Using the GridR’s core build mask API

This guide demonstrates how to use GridR’s core masking feature.

It covers the following topics:

  • Definition of GridR’s adopted conventions

  • Basic usage and understanding of the grid_rasterize module

  • Creating a mask applicable to raster data from vector geometries and predefined raster masks with the grid_mask module

Setting things up

For this guide we have to import some tiers packages (numpy and shapely) and gridr.core.grid modules.

import numpy as np
import shapely

from gridr.core.grid import grid_rasterize
from gridr.core.grid import grid_commons
from gridr.core.grid import grid_mask

Introduction : Pixels, Images and Conventions

A pixel (short for “picture element”) is the smallest individual unit of a digital image.
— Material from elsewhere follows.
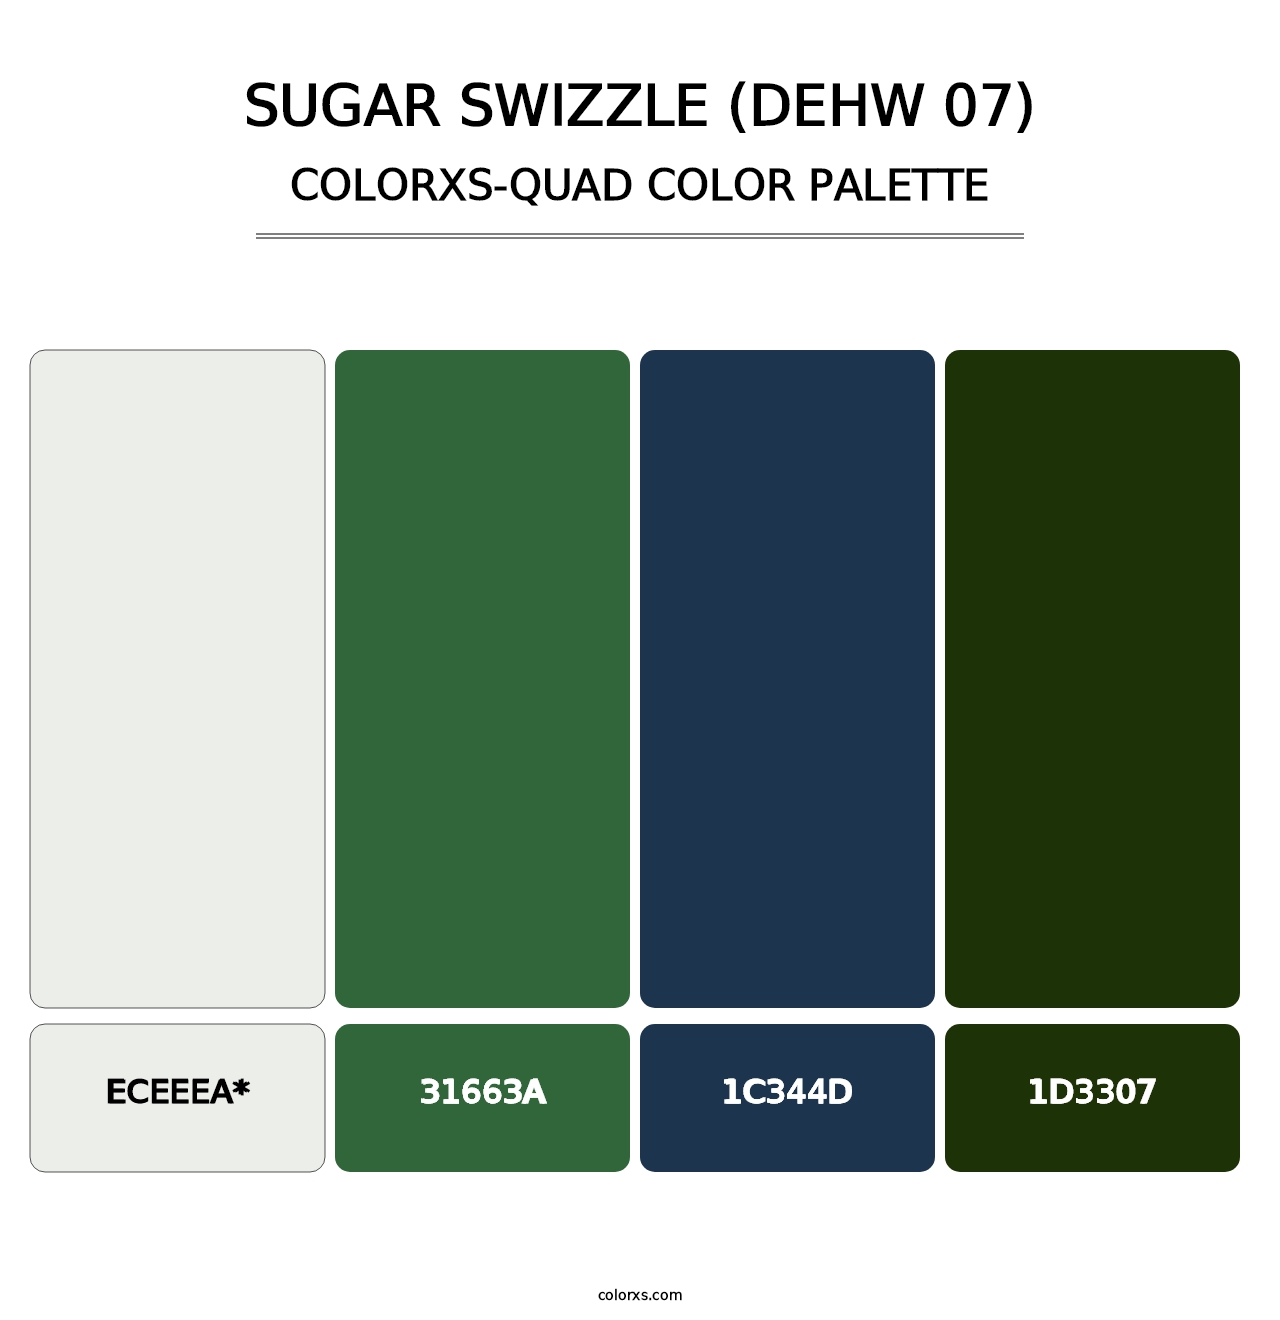 Sugar Swizzle (DEHW 07) - Colorxs Quad Palette

Imagine it as a tiny, square-shaped dot that contains a single color at its central position. Raster images are fundamentally composed of a grid of these pixels.
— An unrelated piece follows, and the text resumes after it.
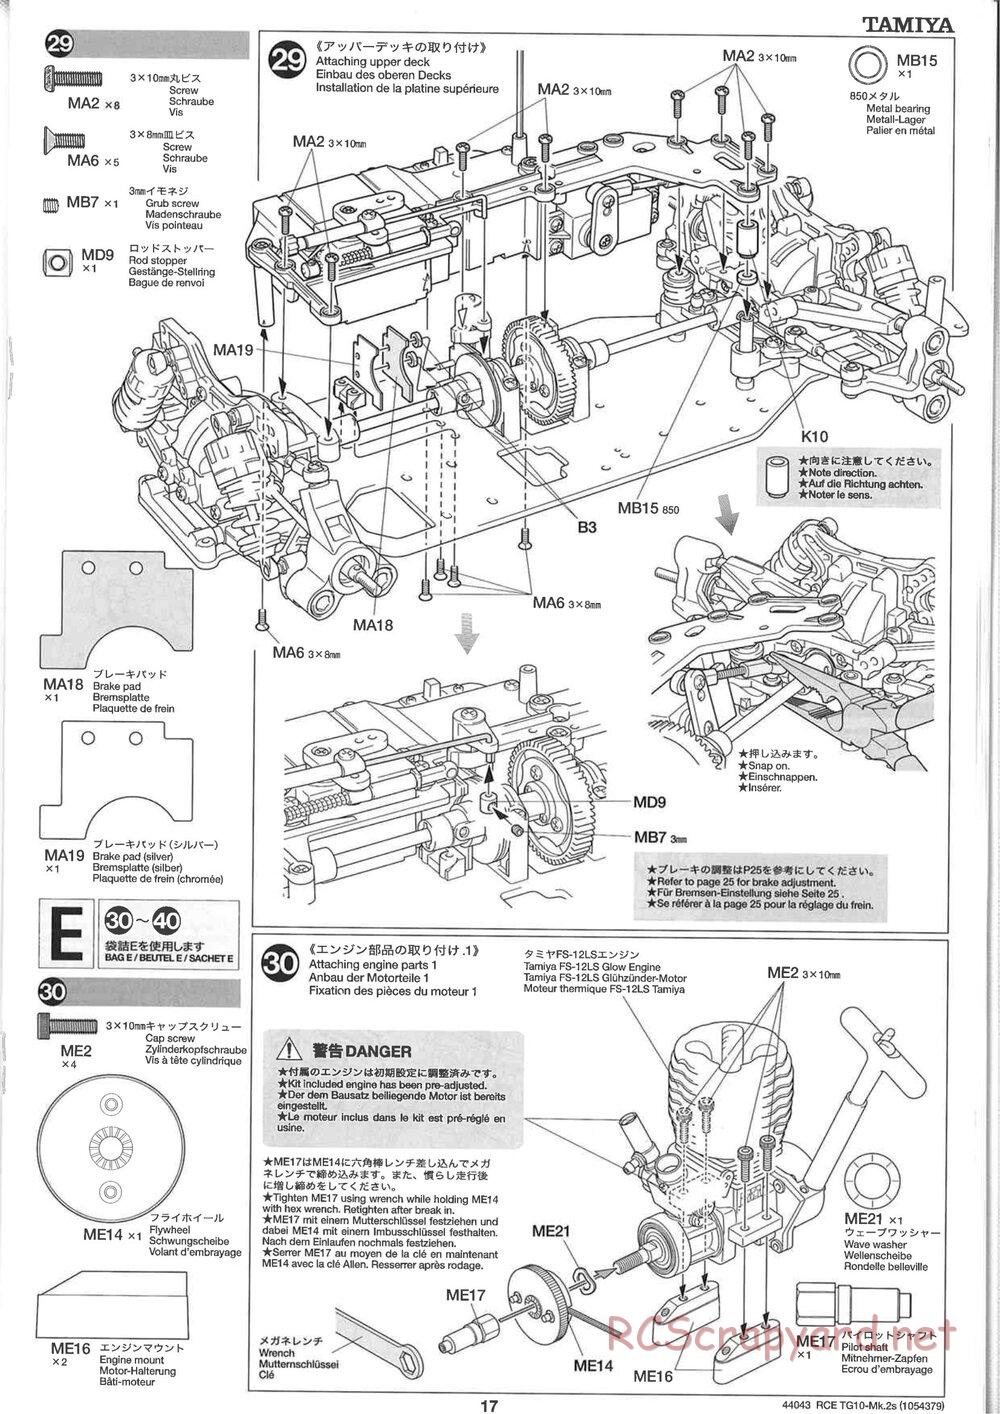 Tamiya - TG10 Mk.2s Chassis - Manual - Page 18

When performing a geometric transformation on a raster image, it’s crucial to associate a coordinate system with it. This system is defined by:

  • Shape: The dimensions (size) of the raster image.

  • Resolution: The integer step size between adjacent elements along the same dimension. This is particularly relevant when addressing resampling grids as rasters for tasks like mask generation.

  • Origin: The floating-point location of the center of the upper-left (first) pixel.

There are generally two conventions for defining pixel coordinates within the community:

  • Integer Coordinates for Pixel Center: The center of a pixel is associated with whole integer coordinates (e.g., (0, 0)). This is the convention adopted by GridR.

  • Half-Real Coordinates for Pixel Center: The center of a pixel is associated with half-real coordinates (e.g., (0.5, 0.5)). This convention is used by some geometric libraries.

Lets illustrate this 2 conventions in a simple case.

shape, resolution, origin_int, origin_half = (6, 8), (1, 1), (0., 0.), (0.5, 0.5)

image_coordinates_convention_integer.png

image_coordinates_convention_half.png

It’s crucial to grasp these concepts for manipulating geometries to define valid or invalid areas within a raster.

GridR’s python API methods currently support Polygon, MultiPolygon, or list of Polygon objects as geometries. To keep things simple, we’ll focus on a single Polygon here.

In GridR, a geometry is defined by its mathematical feature (e.g., a polygon) and its geometry_origin. This geometry_origin can differ from the coordinate system’s origin. This allows GridR to account for the conventions adopted by the geometry provider or apply a shift for its specific application.

It’s important to note that geometry adhere to Shapely’s xy-coordinate order whereas geometry_origin definition order is compliant with the yx-order previously adopted for origin, shape and resolution.

geometry_origin=(0.5, 0.5)
geometry = shapely.geometry.Polygon([
        (3.5, 2.5),
        (7.5, 2.5),
        (7.5, 6.5),
        (3.5, 6.5)
        ])

gridr_geometry_origin_half_convention.png

In the previous example, we set the geometry_origin to (0.5, 0.5). This implies the geometry is defined within a coordinate system where:

  • Pixel centers are treated as half-real coordinates.

  • The geometry_origin coordinate needs to be aligned with the first pixel of the raster.

As you can see, the upper-left corner (x=3.5, y=2.5) correctly aligns with the center of the pixel cell at (x=3, y=2).

Let’s illustrate what happens when we change the geometry_origin to (0., 0.) in one case, and then to (-2.5, 1.5) in another.

gridr_geometry_origin_int_convention.png

gridr_geometry_origin_half_convention_shift.png

At last, lets define the geometry to wrap the full raster using the same convention.

geometry_origin=(0., 0.)
geometry = shapely.geometry.Polygon([
        (-0.5, -0.5),
        (shape[1]-1+0.5, -0.5),
        (shape[1]-1+0.5, shape[0]-1+0.5),
        (-0.5, shape[0]-1+0.5)
        ])

gridr_geometry_wrap_raster.png

GridR’s rasterize module

Before adressing the main “masking” subject, we briefly describe here GridR’s rasterization feature, which is embedded in the Python grid_rasterize module and is the build_mask core method.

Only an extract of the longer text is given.